I simulated California housing and learned... about simulators

I simulated California housing and learned... about simulators

Here's a post I've been thinking about for a while. I shared it privately with a few people last year, but wanted to find a way to present it that wouldn't be wildly misconstrued. No luck so far.

Summary: Inspired by some conversations at work, I made a variant of my previously popular SimSWE (software engineer simulator) that has our wily engineers trying to buy houses and commute to work. The real estate marketplace is modeled based on Silicon Valley, a region where I don't live but my friends do, and which I define as the low-density Northern Californian suburban area including Sunnyvale, Mountain View, Cupertino, etc, but excluding San Francisco. (San Francisco is obviously relevant, since lots of engineers live in SF and commute to Silicon Valley, or vice versa, but it's a bit different so I left it out for simplicity.)

Even more than with the earlier versions of SimSWE (where I knew the mechanics in advance and just wanted to visualize them in a cool way), I learned a lot by making this simulation. As with all software projects, the tangible output was what I expected, because I kept debugging it until I got what I expected, and then I stopped. But there were more than the usual surprises along the way.

Is simulation "real science"?

Let's be clear: maybe simulation is real science sometimes, but... not when I do it.

Some of my friends were really into Zen and the Art of Motorcycle Maintenance back in high school.
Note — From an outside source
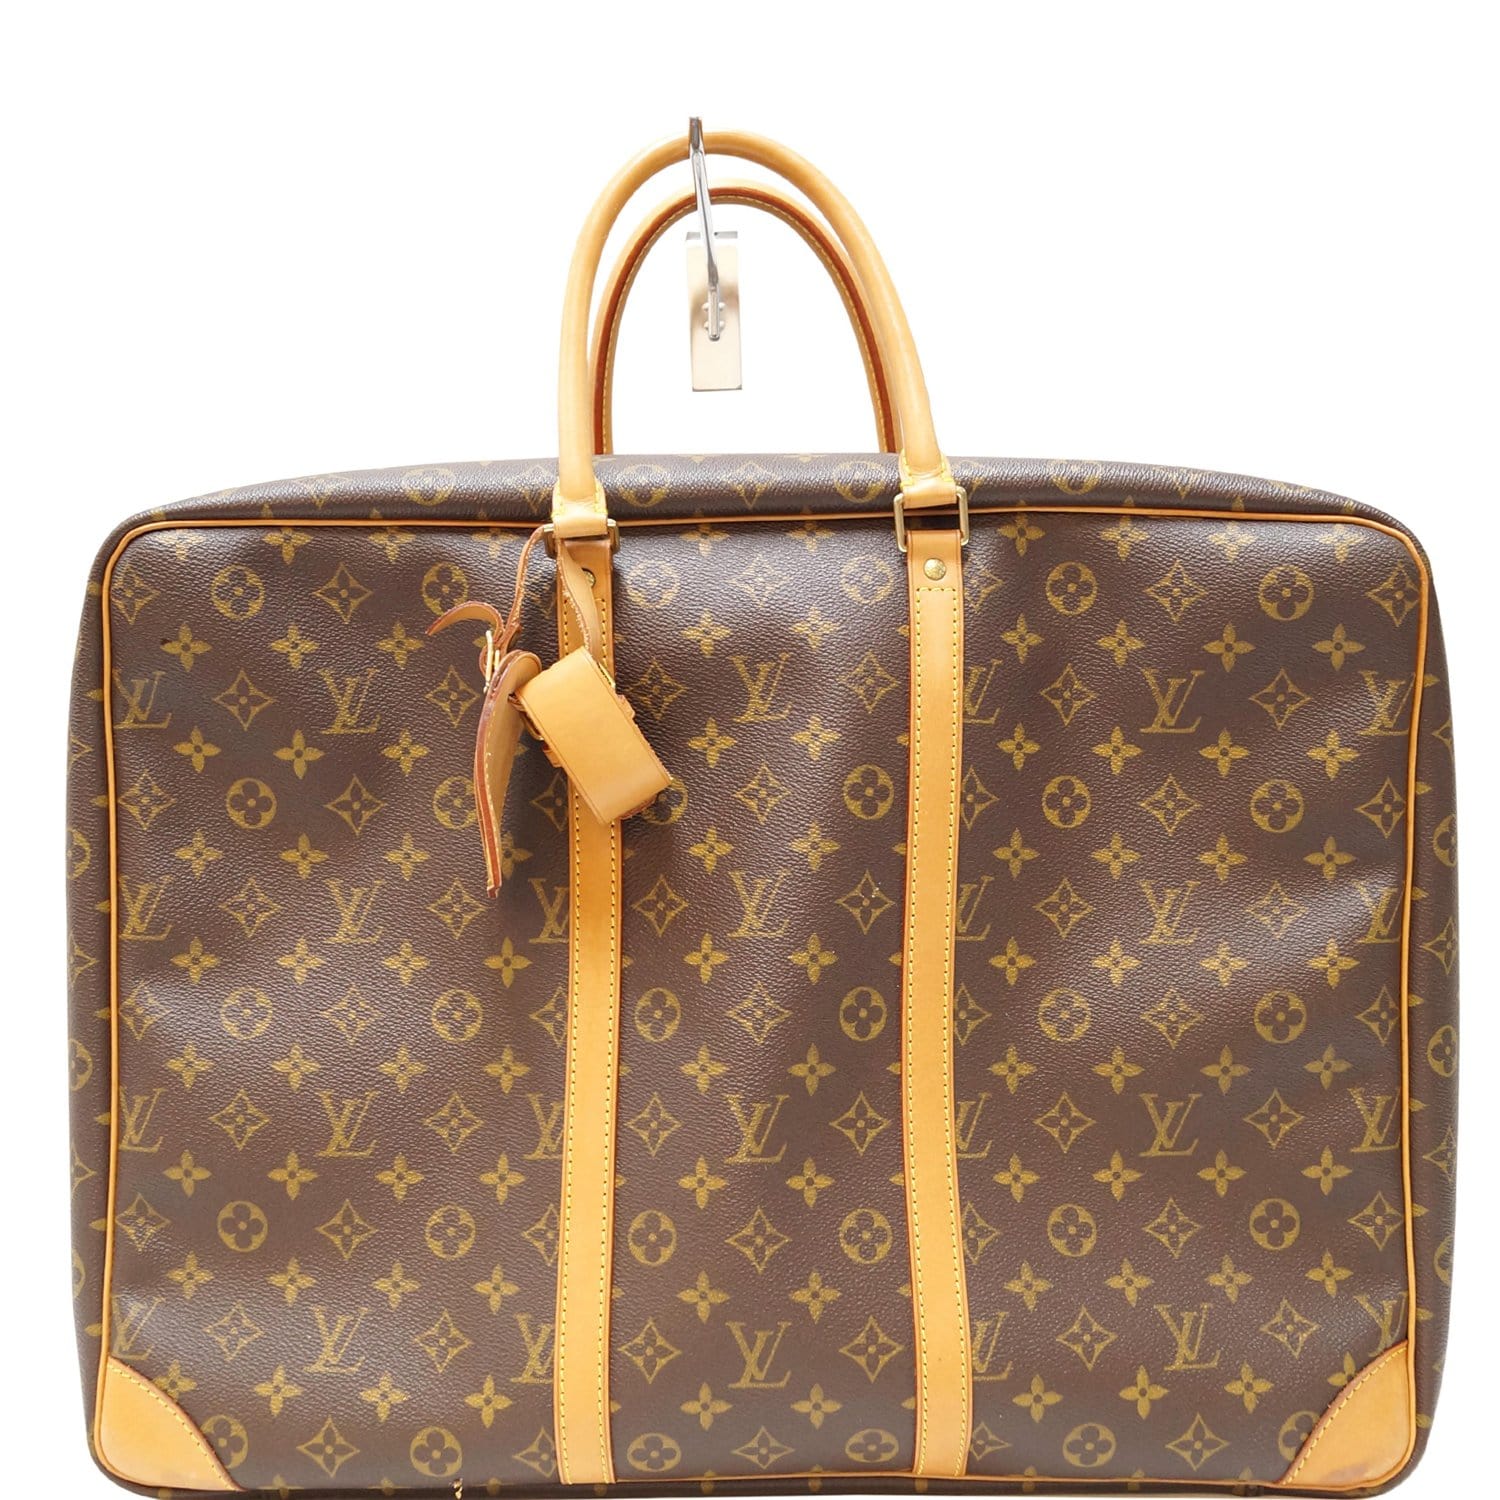 Authentic Louis Vuitton Monogram Canvas Sirius 45 Luggage Carry On

The book gets less profound as I get older, but one of my favourite parts is their commentary on the scientific method:

A man conducting a gee-whiz science show with fifty thousand dollars’ worth of Frankenstein equipment is not doing anything scientific if he knows beforehand what the results of his efforts are going to be. A motorcycle mechanic, on the other hand, who honks the horn to see if the battery works is informally conducting a true scientific experiment. He is testing a hypothesis by putting the question to nature. [...]

The formation of hypotheses is the most mysterious of all the categories of scientific method. Where they come from, no one knows. A person is sitting somewhere, minding his own business, and suddenly - flash! - he understands something he didn’t understand before. Until it’s tested the hypothesis isn’t truth. For the tests aren’t its source. Its source is somewhere else.

Here's the process I followed. I started by observing that prices in Silicon Valley are unexpectedly high, considering how much it sucks to live there, and rising quickly. (Maybe you like the weather in California and are willing to pay a premium; but if so, that premium has been rising surprisingly quickly over the last 15 years or so, even as the weather stays mostly the same.)

Then I said, I have a hypothesis about those high prices: I think they're caused by price inelasticity. Specifically, I think software engineers can make so much more money living in California, compared to anywhere else, that it would be rational to move there and dramatically overpay for housing. The increase in revenue will exceed the increase in costs.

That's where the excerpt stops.